Healthy signs: - No tokenizer warnings - GPU cache usage >0% - Throughput >20 tokens/s - Requests complete <5 seconds
Unhealthy signs: - "Non-Mistral tokenizer detected" - GPU cache = 0.0% - Throughput <10 tokens/s - Requests timeout
References¶
- vLLM Tool Calling Docs: https://docs.vllm.ai/en/stable/features/tool_calling.html
- Mistral Model Card: https://huggingface.co/mistralai/Mistral-7B-Instruct-v0.3
- vLLM Attention Backends: https://docs.vllm.ai/en/stable/design/attention.html
- Issue: vllm_tool_calling_not_executing
Status¶
Current State: Fixes applied, awaiting testing
Next Steps:
1. ✅ Added --tokenizer flag to setup script
2. ✅ Removed FLASHINFER backend
3. ⏳ User needs to restart vLLM on Thor
4. ⏳ Test basic completion (should be fast now!)

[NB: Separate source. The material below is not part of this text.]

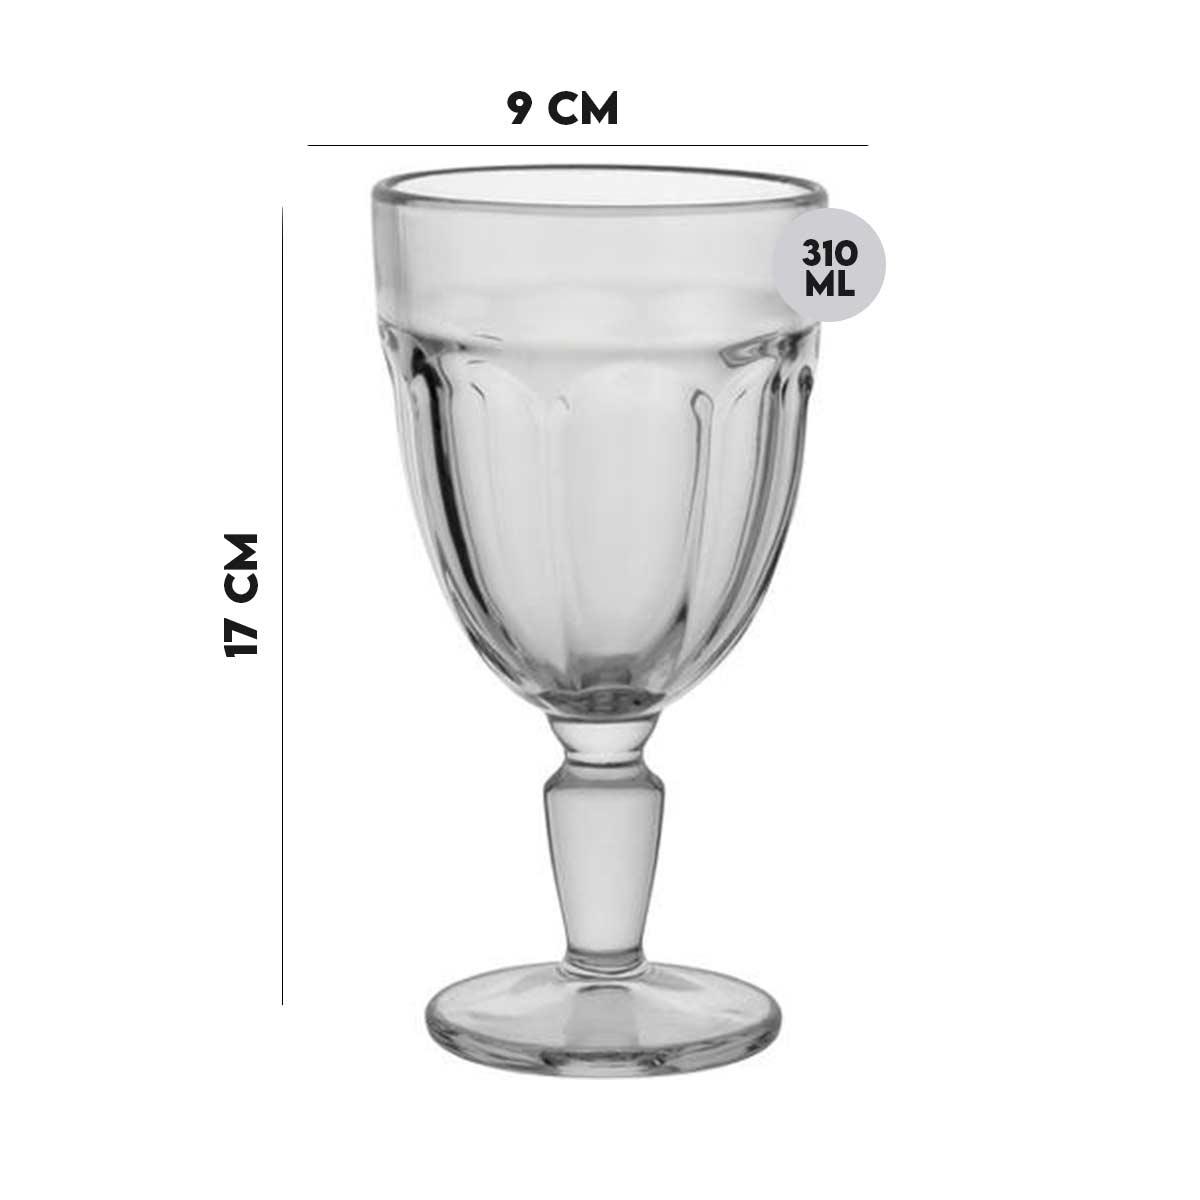 Jogo 4 Taças de Vidro Transparente Gavin 310 ml  - Lemis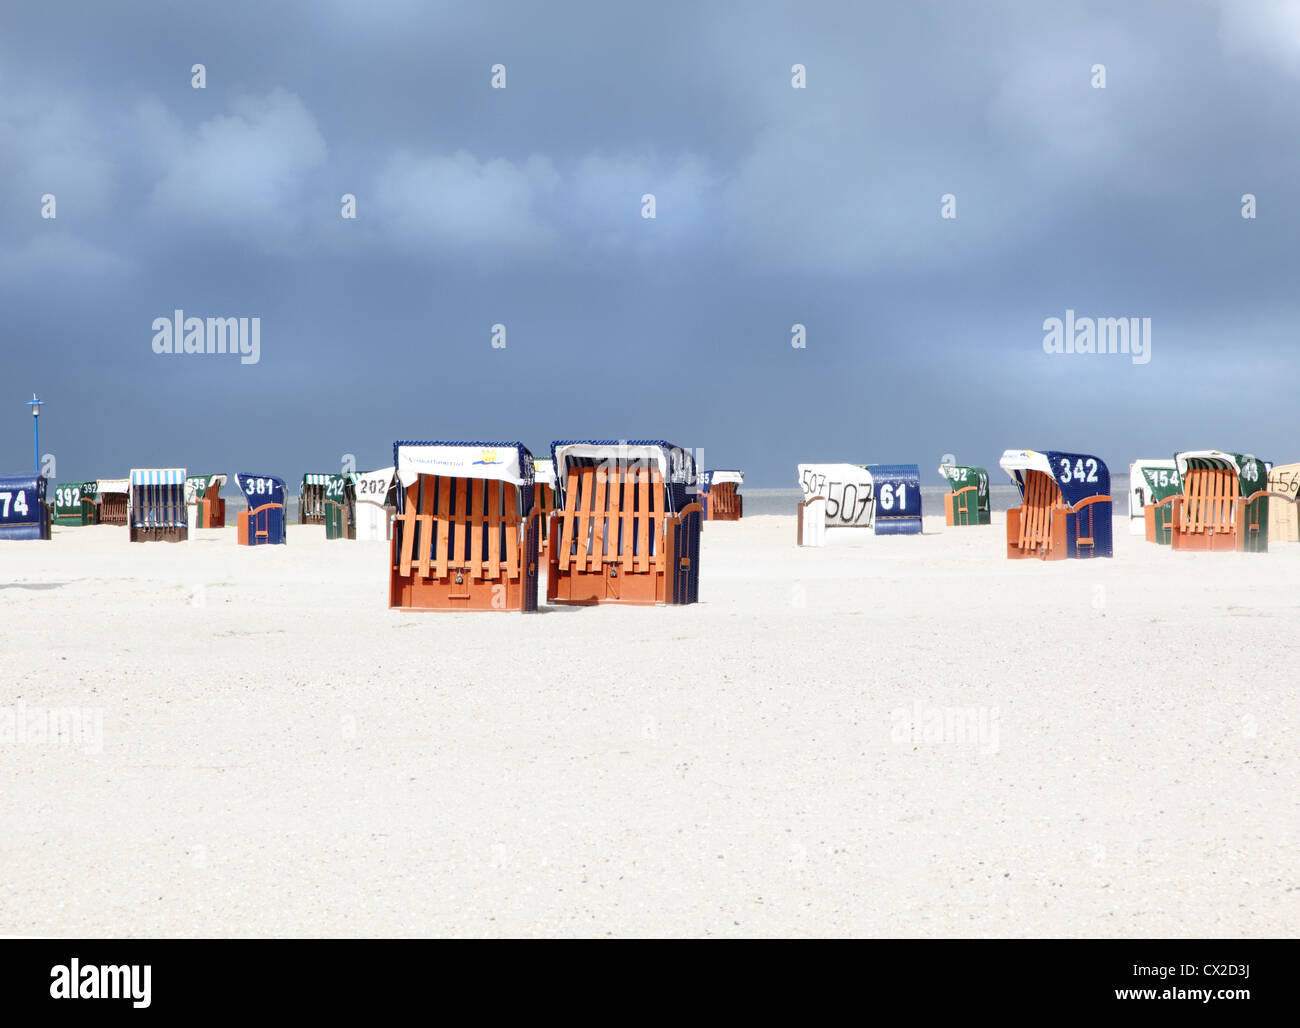 Europa, Germany, Friesland, Strandkörbe Sandsturm Wremen Ostfriesland Nordsee beachchairs sandstorm North Sea - Stock Image

5. ⏳ Test tool calling (should return tool_calls array!)
6. ⏳ Test robot control (should actually move!)
Expected Outcome: With explicit tokenizer and default attention backend, Mistral should work perfectly. Tool calling should return properly formatted function calls within 1-3 seconds.